Я не верил ей. Актрисе с ее талантом легко сыграть что угодно – лишь бы разжалобить. Наконец, какое мне дело, что она думала, насаживаясь на актеришку второсортного театра? Предательство есть предательство, как его ни приукрашивай. Вспомнив слова Омара Хайяма, процитировал:

– Я видел женщину, которая изменяла тысячу раз, я видел женщину, которая не изменяла совсем, но я не видел женщины, изменившей один раз.

Вика окаменела и долго смотрела на меня. Наконец, съежившись, произнесла:

– Я не прошу простить за измену. Поняла, что не простишь. Я прошу простить за боль, которую тебе принесла.

– Бог простит, – ответил я отвернувшись.

На следующий день Вика пришла раздавленная новым несчастьем: Директор предложил написать заявление об уходе из труппы по собственному желанию. И порекомендовал в московские театры за работой не обращаться: скандал вышел за внутренний круг. Выслушав, я сказал:

– Заниматься разводом сейчас у меня нет времени. Можешь жить здесь. Поскольку тебя по профессии никуда не возьмут, а другой специальности у тебя нет, пока буду обеспечивать твою жизнь. Вот карта, она будет автоматически пополняться каждый месяц. Никому не рассказывай о том, что случилось. Для соседей мы – семья, но ко мне не лезь.

Всю следующую неделю она проплакала у себя в комнате. Несколько раз я подходил к ее двери, собираясь зайти, но, вспомнив ее вид на фотографии, разворачивался обратно.

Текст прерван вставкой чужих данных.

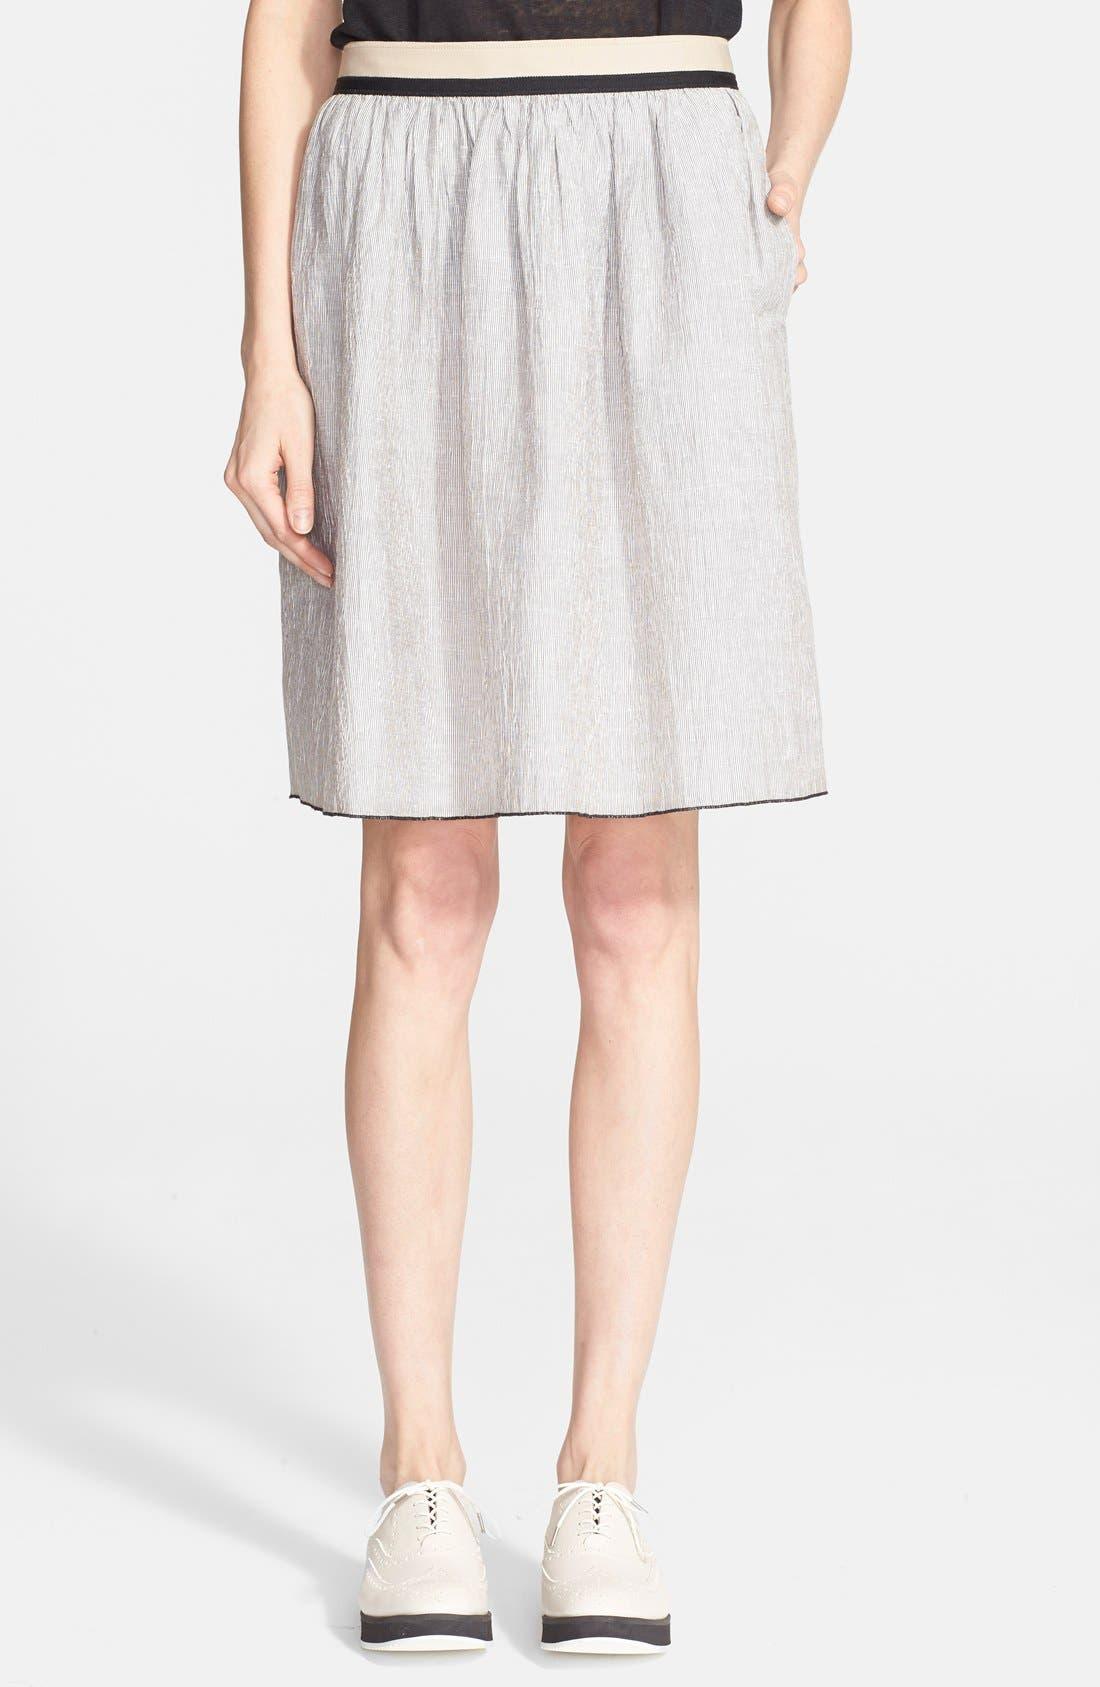 Alternate Image 1 Selected - rag & bone 'Svea' Linen Blend Full Skirt

В воскресенье вечером она вошла ко мне в лучшем своем платье и, включив песню Лорен Кристи «Цвет ночи», попросила потанцевать с ней в последний раз. Обняв и прижавшись всем телом, словно стараясь удержать, она танцевала и, запрокинув голову, смотрела в лицо. Слезы катились по щекам, но, не замечая их, она улыбалась. Песня закончилась. Вика оттолкнула меня и быстро ушла к себе.

Ночью я не спал – все ворочался и думал. Я понимал, что теряю ее, и неизвестно, смогу ли когда-нибудь полюбить другую женщину так же сильно, как люблю ее. «Может, простить ее?», всю ночь спрашивал я себя, и не находил ответа. Промучившись почти до рассвета, я решил подумать над этим после командировки.

В понедельник утром я улетел в Челябинск, а вернувшись, нашел на столе записку: «Прости, если сможешь. Потеряв тебя, я погубила свое счастье, но ты обязательно найдешь свое. Будь счастлив за нас двоих, родной мой. Прощай. Твоя Вика». Ну, вот, с облегчением подумал я, вопрос решился сам собой. С тех пор я ее не видел.

Въехали в Кабул, и я вернул внимание к дороге. Талибы уже заняли город и по-хозяйски распоряжались, выбрасывая из домов бывших сотрудников правительственных учреждений. Некоторых оттаскивали и сажали в подъехавший автобус. На углу пуштун избивал палкой девушку с открытым лицом, злобно вещая что-то на своем языке. Женщин на улице не было совсем, только одна, покрытая буркой с головы до пят, быстро семенила куда-то, стараясь не попадаться никому на глаза. Талибы запретили им выходить на улицу без сопровождения мужчин, но не у всех были мужья или братья. Как им выживать, никого не интересовало.